Thank you for your valuable feedback on our manuscript. We appreciate your insightful comments and suggestions, which have significantly contributed to enhancing the quality and clarity of our work. Below, we address each of your points in detail: or (Please find the attached document containing our responses to both reviewers' comments.)
Comments:
The proposed approach has creativity in contribution and methodology. But, revision in terms of technical details is needed before acceptance. Also, paper organization should be improved. In this respect, some comments are suggested to describe technical details
Author response:
Thank you for your thoughtful and constructive feedback on our manuscript. We appreciate your recognition of the creativity in our contribution and methodology. In response to your comments, we have made several revisions to address the technical details and improve the organization of the paper. Below, we outline the specific changes made:
Comments1:
How do you create new query matrix using combination of binary matrix and similarity matrix? Discuss with more technical details.
Author response:
Thank you for pointing this out. We have added a detailed explanation of how the query matrix is created using the combination of the binary matrix and similarity matrix. This section now includes step-by-step descriptions and mathematical formulations to enhance clarity.

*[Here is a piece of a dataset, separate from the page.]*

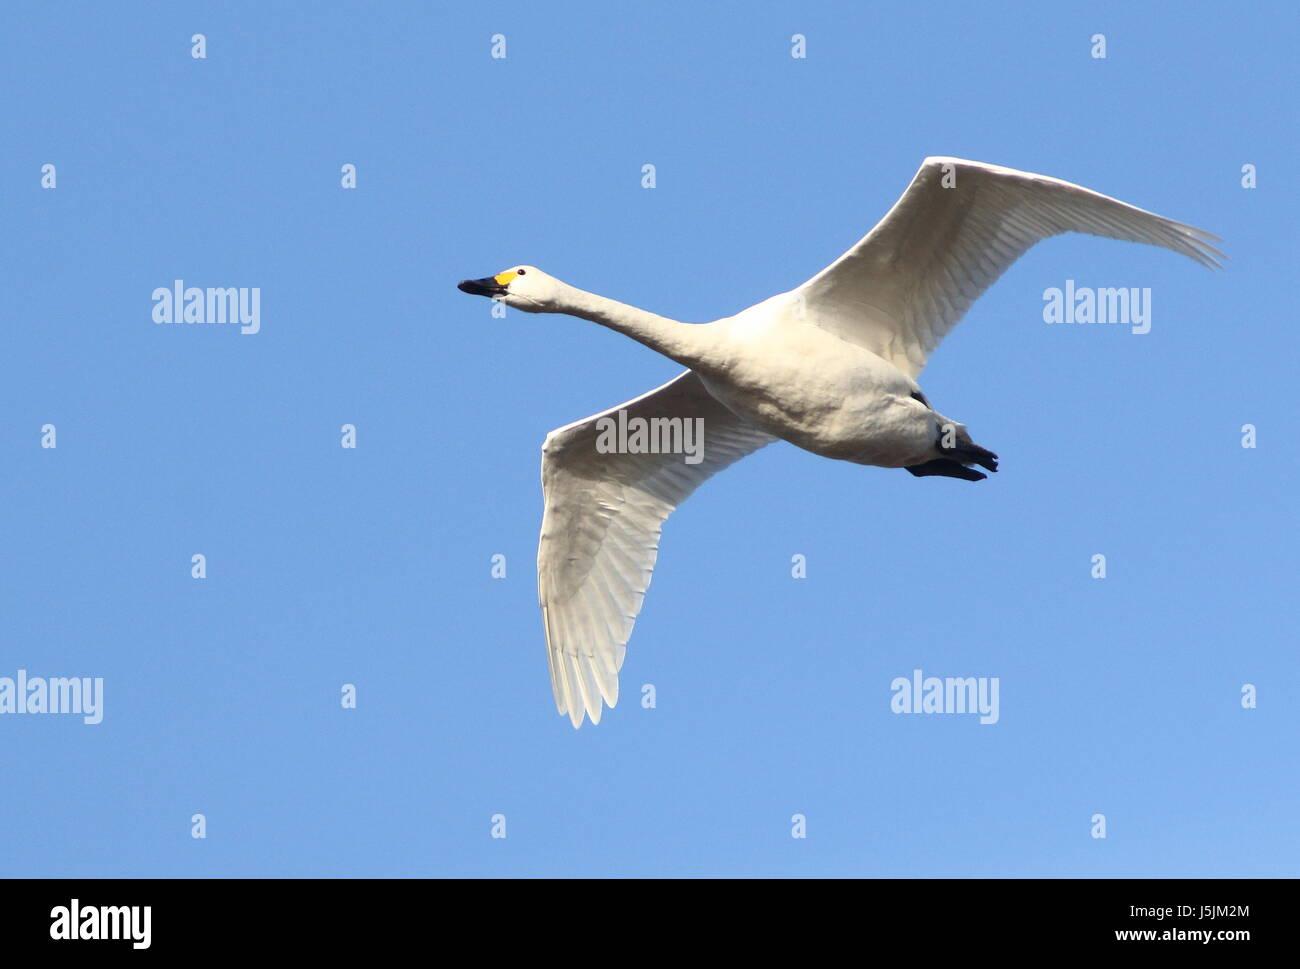 Eurasian Whooper Swan (Cygnus Cygnus) in fast flight against a blue sky. Stock Photo

The new query matrix is computed by multiplying the matrix M explained on Step 1 of the section 5.1, with the semantic similarity matrix SSM explained in section 4.2. The formula is: NQM[i][j]=M[i][j]*SSM[i][j]
Author action:
We add more technical details on section 5.1. (line 291) “Step 2: we multiply the resulting matrix M with the semantic similarity matrix SSM to obtain a new query matrix NQM as follows:
NQM[i][j]=M[i][j]*SSM[i][j]
The illustration of the calculation is done in Figure 3.”
Comments 2:
Discuss about the phrase "all query MDF" in this sentence with more details, "For each query, if the document contains all query MDF, then we divide the number…".
Author response:
We appreciate your request for clarification. We have elaborated on the phrase "all query MDF" in the relevant section. We now provide a more detailed explanation of how Medical Dependent Features (MDF) are identified and utilized for document scoring. The query MDF contains the most important medical features of the query. The more a document has these query features, the more suitable it is to the query. As the MDF features are very few, we restrict ourselves to retrieving only documents that contain all the query features.
Author action:
We update the sentence as follows:
(line 317) “In order to take into consideration, the length of the document, we use this filter. A document having only the query MDF should be more relevant than a document having other MDF in addition to the query ones. In fact, both documents are specific but the first document is more exhaustive.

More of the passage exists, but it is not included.